### Aim of the task:
For this exercise, restate word for word only the lines from the one containing "気味の悪い気を散らすブラケット【第2類医薬品】アロパノール顆粒 24包 ×3" through the last line below. Pictures do not get copied.

### Source data:
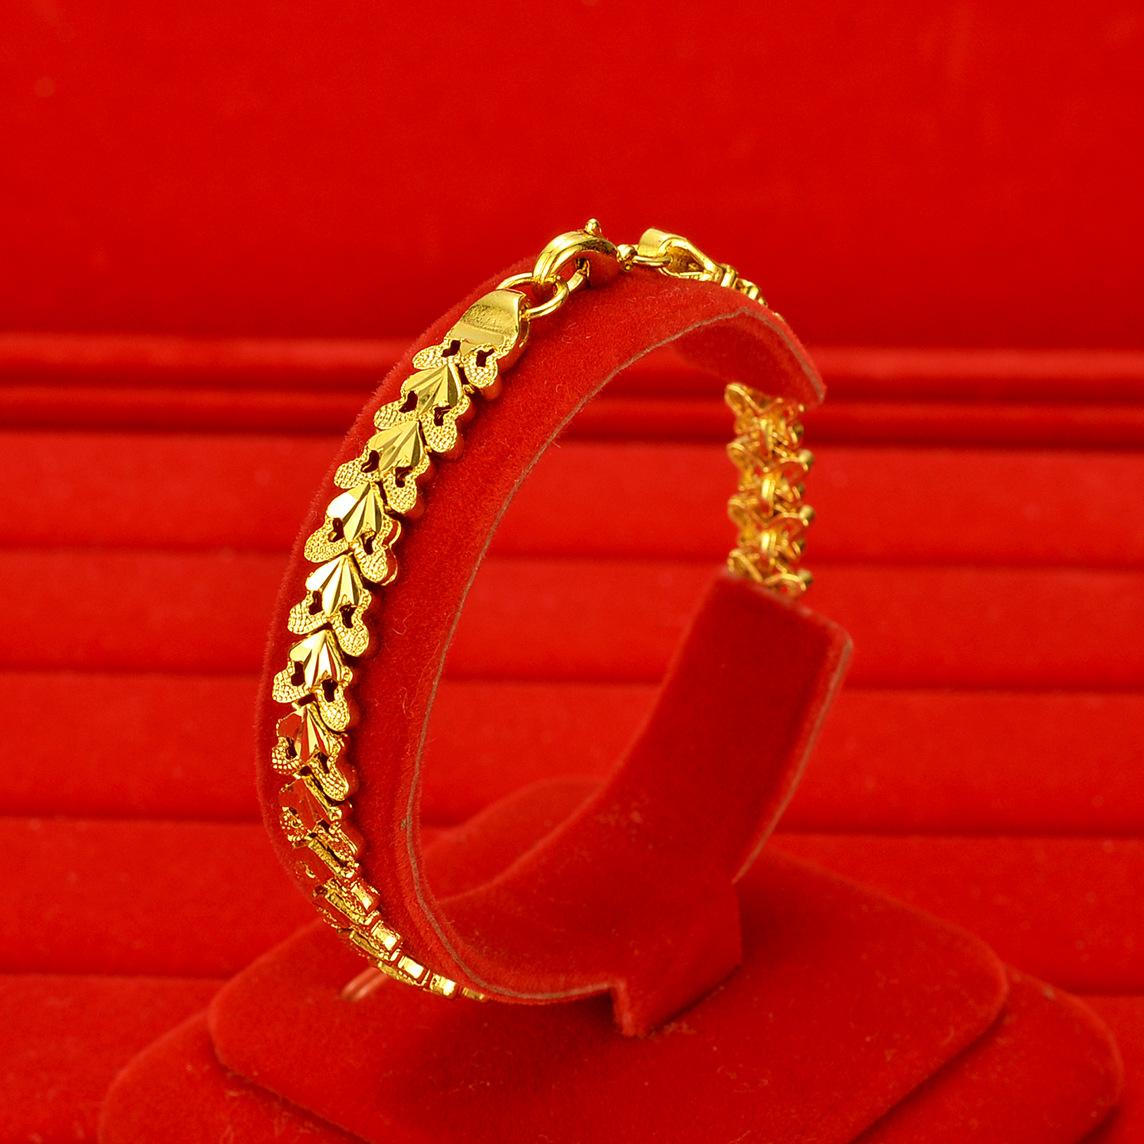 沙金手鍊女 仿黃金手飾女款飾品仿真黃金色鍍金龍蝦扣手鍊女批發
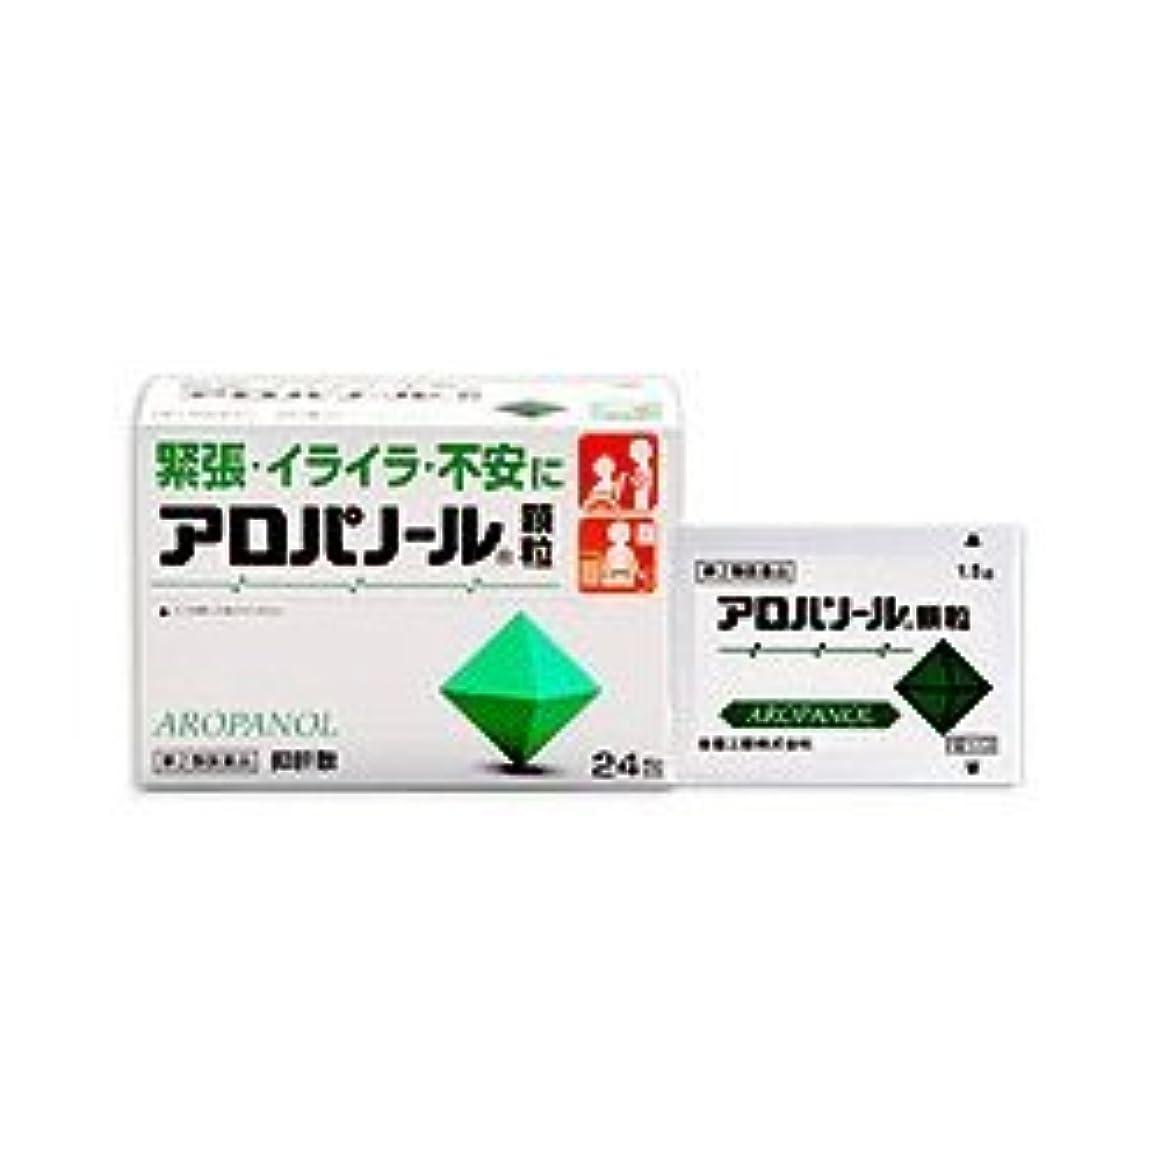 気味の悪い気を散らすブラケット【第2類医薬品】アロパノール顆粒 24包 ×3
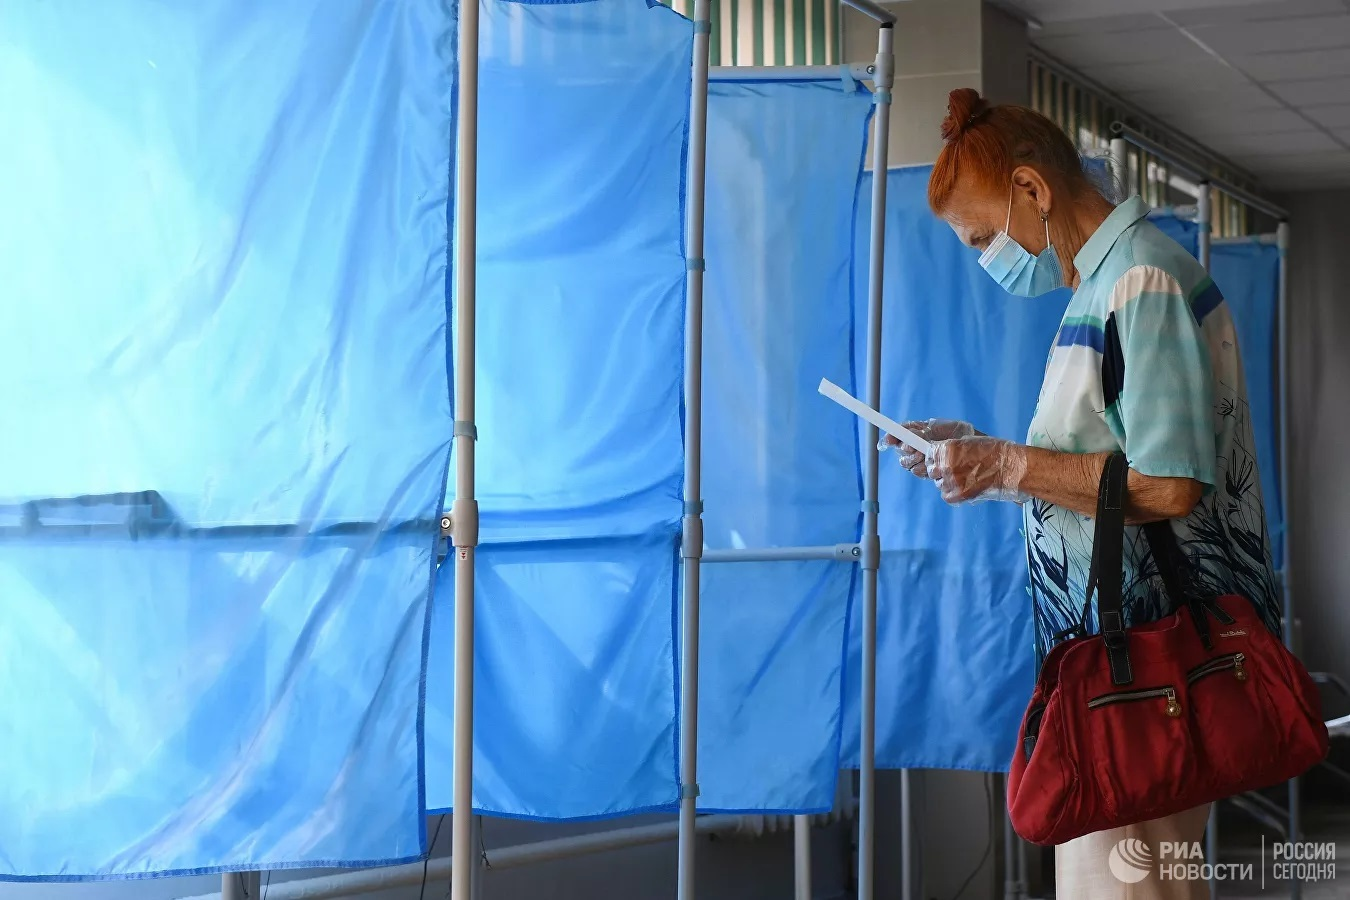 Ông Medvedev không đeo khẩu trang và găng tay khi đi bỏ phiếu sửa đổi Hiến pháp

### Answer:
 気味の悪い気を散らすブラケット【第2類医薬品】アロパノール顆粒 24包 ×3
 Ông Medvedev không đeo khẩu trang và găng tay khi đi bỏ phiếu sửa đổi Hiến pháp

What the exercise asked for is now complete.